Embed KeepGPU directly inside orchestration scripts so GPUs stay warm only for the stages you choose.

Keep a single GPU while you do CPU work

from keep_gpu.single_gpu_controller.cuda_gpu_controller import CudaGPUController

def preprocess_shards():
    ...

with CudaGPUController(rank=0, interval=0.5, vram_to_keep="1.5GiB"):
    preprocess_shards()          # GPU 0 is marked “busy” the whole time

train_model()                     # GPU memory is released automatically
  • rank matches the CUDA device index (after any CUDA_VISIBLE_DEVICES filtering).
  • interval is the pause between matmul bursts inside the background thread.
  • vram_to_keep accepts ints or human-readable strings (parse_size handles it).

Start/stop manually

Need more control? Call keep() and release() yourself.

ctrl = CudaGPUController(rank=1, interval=1.0, vram_to_keep=1_073_741_824)

ctrl.keep()
run_cpu_bound_stage()
ctrl.release()

The controller spins up a daemon thread. Repeated keep() calls are idempotent and simply warn if the worker is already running.

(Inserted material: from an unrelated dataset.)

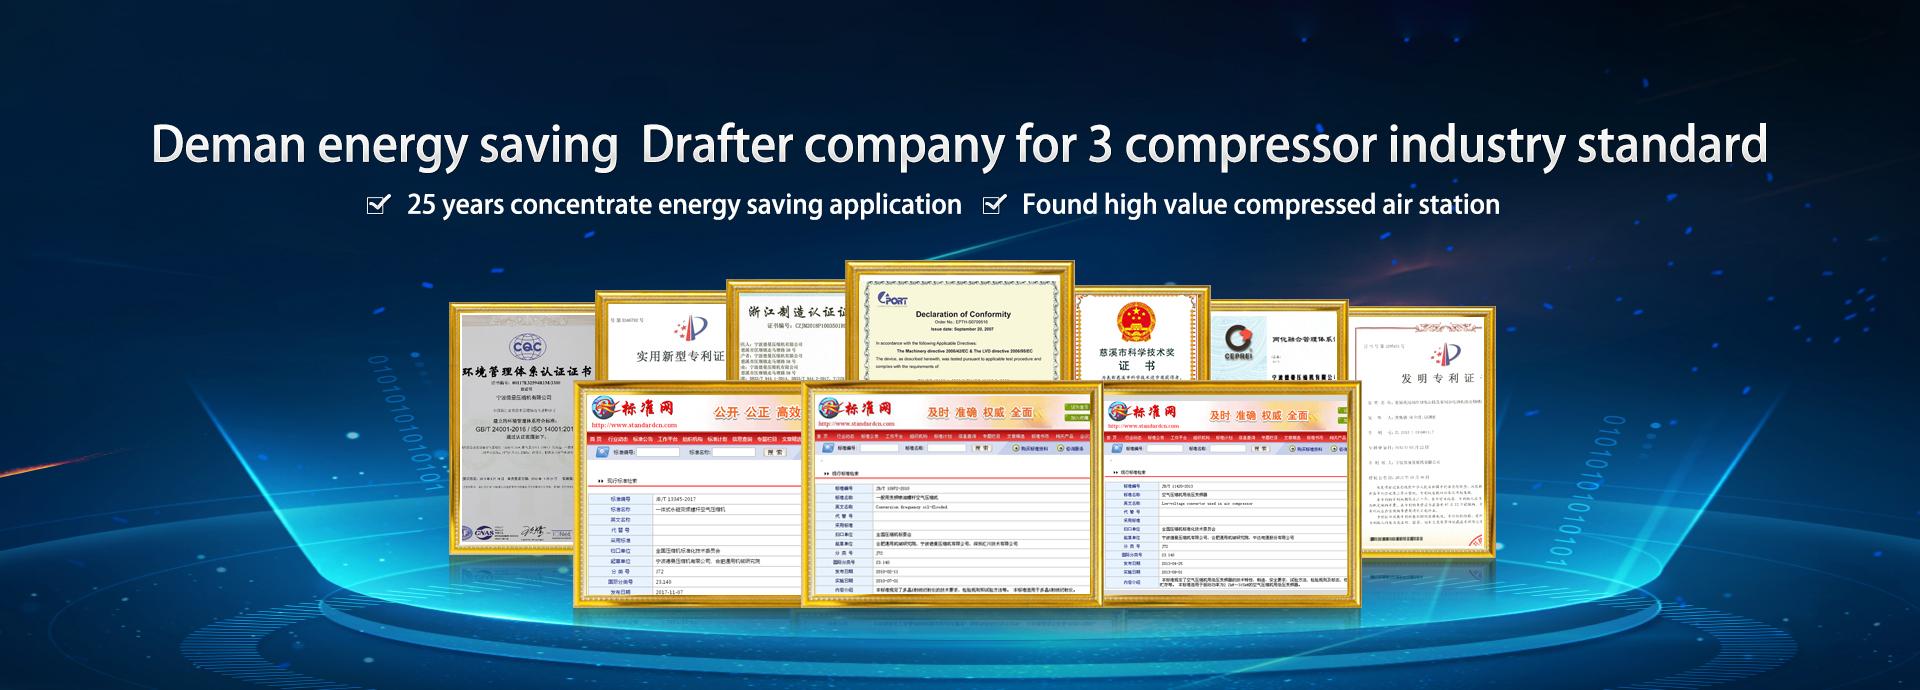 Deman energy saving  Drafter company for 3 compressor industry standard

Guard multiple GPUs with a single context

from keep_gpu.global_gpu_controller.global_gpu_controller import GlobalGPUController

gpu_ids = [0, 2, 3]              # accepts None to cover all visible GPUs

with GlobalGPUController(
    gpu_ids=gpu_ids,
    interval=90,
    vram_to_keep="512MB",
    busy_threshold=40,
):
    run_pipeline_controller()
  • Each CudaGPUController runs in its own thread.
  • busy_threshold throttles the keep-alive loop when utilization spikes.
  • release() uses threads too, so all GPUs free up quickly.

Combine with schedulers or callbacks

def wait_until_dataset_ready(ctrl, poll_fn):
    ctrl.keep()
    while not poll_fn():
        time.sleep(30)
    ctrl.release()


def main():
    ctrl = CudaGPUController(rank=0, interval=0.2, vram_to_keep="2GiB")
    wait_until_dataset_ready(ctrl, lambda: Path("/tmp/done").exists())
    launch_training_job()
  • Encapsulate the keep/release lifecycle in helper functions so you do not forget to free the GPU if a stage fails.
  • Wrap logic in try/finally or contextlib.ExitStack if you perform multiple guarded operations sequentially.

Troubleshooting

  • OOM during keep() – Lower vram_to_keep. KeepGPU logs the failure and retries after interval seconds, but repeated OOMs usually indicate another process is already using the GPU.
  • Controllers never stop – Ensure you call release() even when exceptions occur. Context managers are the safest way to guarantee cleanup.
  • Need ROCm/CPU fallback?GlobalGPUController currently raises NotImplementedError outside CUDA platforms. Catch the exception and skip the guard logic if you deploy to mixed hardware fleets.